In addition, timing can act as a vector for extracting information from another side-channel. As described in the HEIST attack [HEIST], compression ratio information can be leaked by counting round-trip latencies.
Alternatively, while compression and decompression are usually relatively fast and fairly content-insensitive operations, retrieving and initializing a dictionary might be a high-latency operation, and therefore may be identifiable by observing timing. Timing is therefore another potential avenue to observe which dictionary is used, which may in turn reveal information about the message being processed (Section 4.1.1).
This section investigates the ability to leverage dictionary-based compression to reveal data other than the message content being compressed (i.e., revealing content used as the dictionary). Note that this is only of interest when there are secrets in the dictionary, which violates the common model that is mostly analyzed in this document, in which the dictionary is assumed to be a shared, public resource.
In systems with multiple privacy domains, the ability to nominate arbitrary resources in that system as dictionaries poses a risk.
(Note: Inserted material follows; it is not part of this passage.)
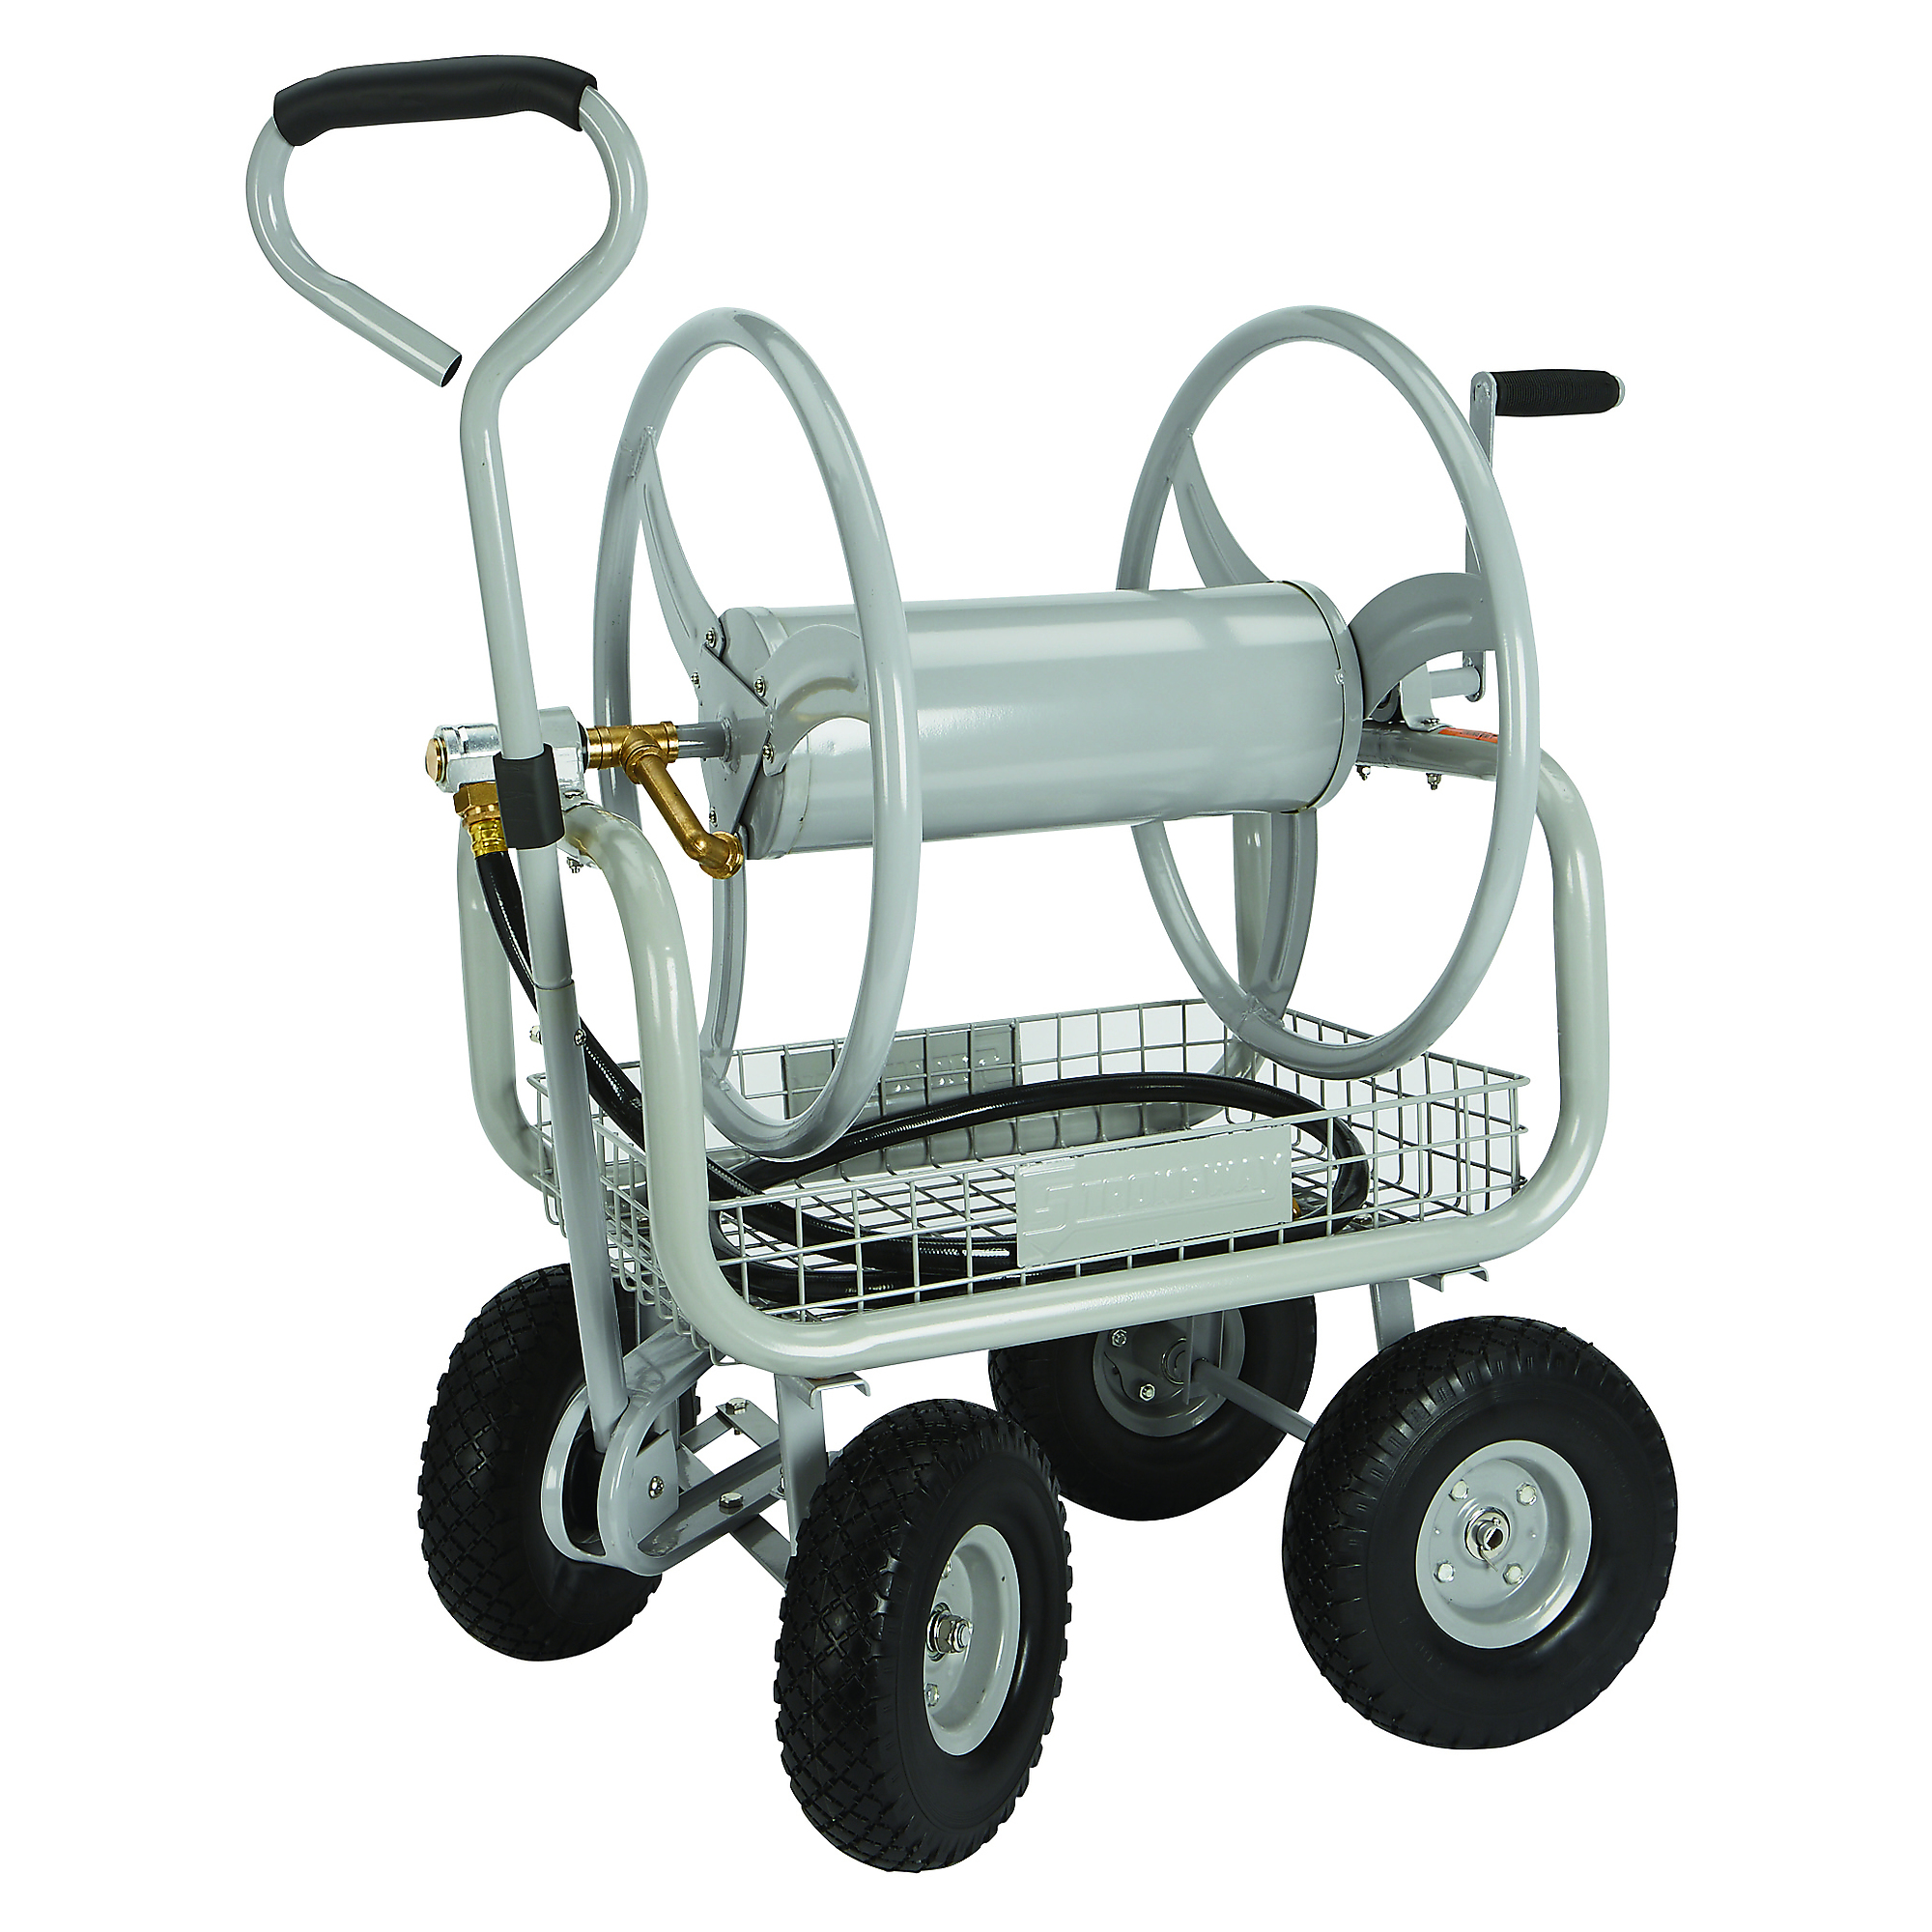 Strongway Hose Reel Cart, Holds 5/8in. x 400ft. Hose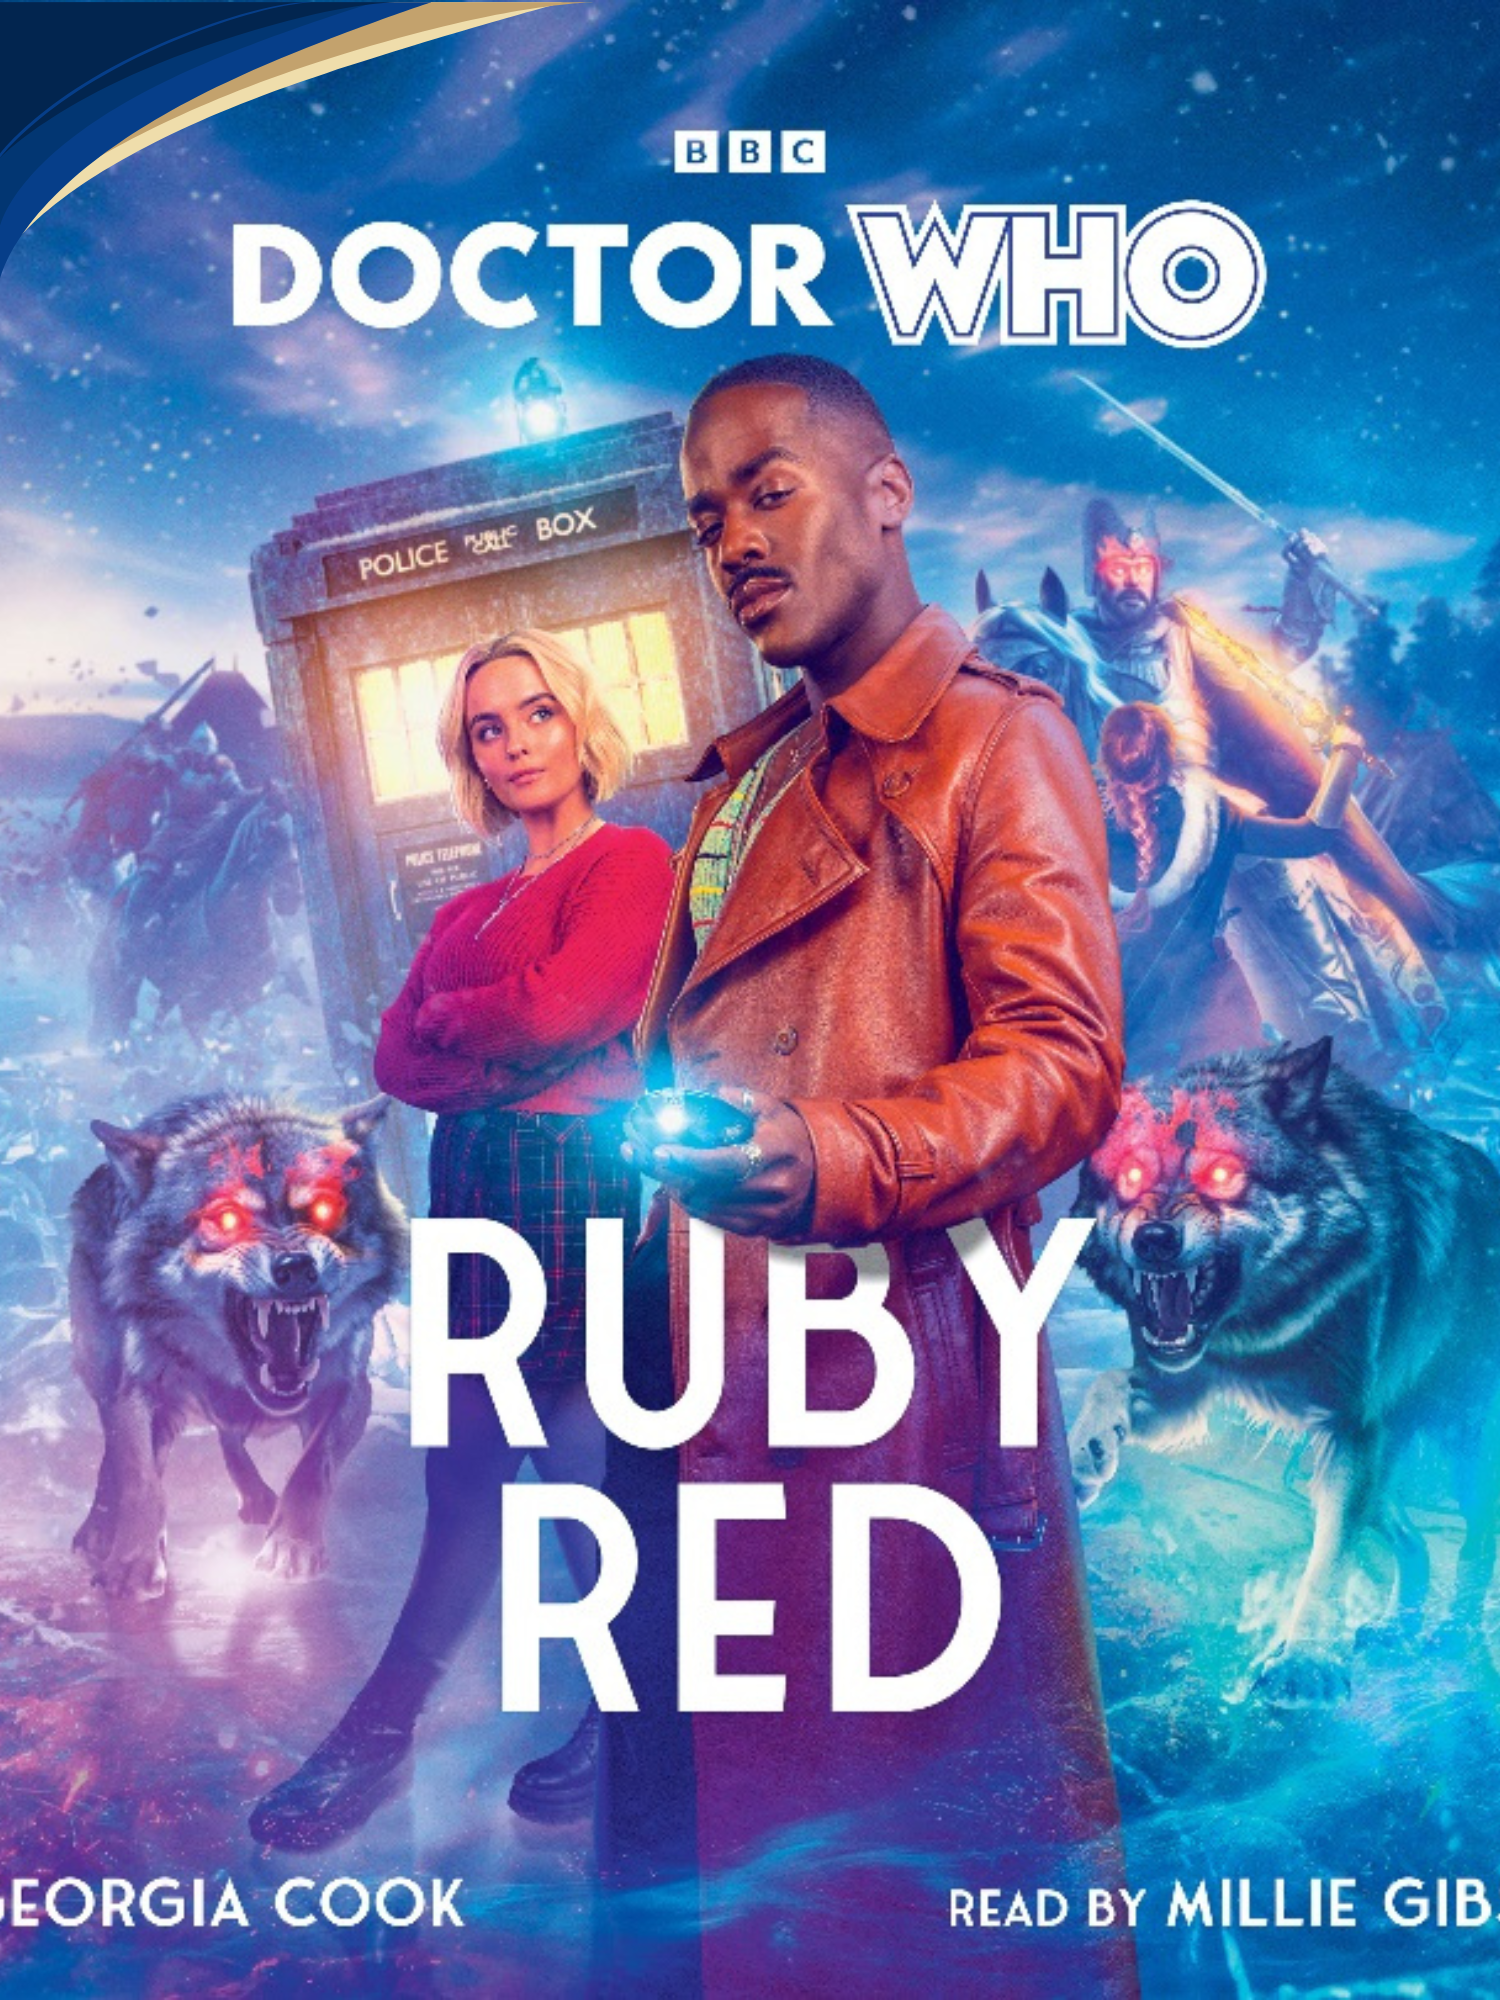 Doctor Who: Ruby Red, by Georgia Cook (book)

Protocol designers and implementors should ensure that compressing and decompressing agents cannot use as dictionaries resources from privacy domains that either agent does not have access to.
A corollary is that a transport system that mixes resources from multiple privacy domains into the same compression context through dictionary-based compression should not reveal the compressed representation of messages (or information derived from the compressed representation, such as its size) to other components of the system that are only trusted in a particular privacy domain.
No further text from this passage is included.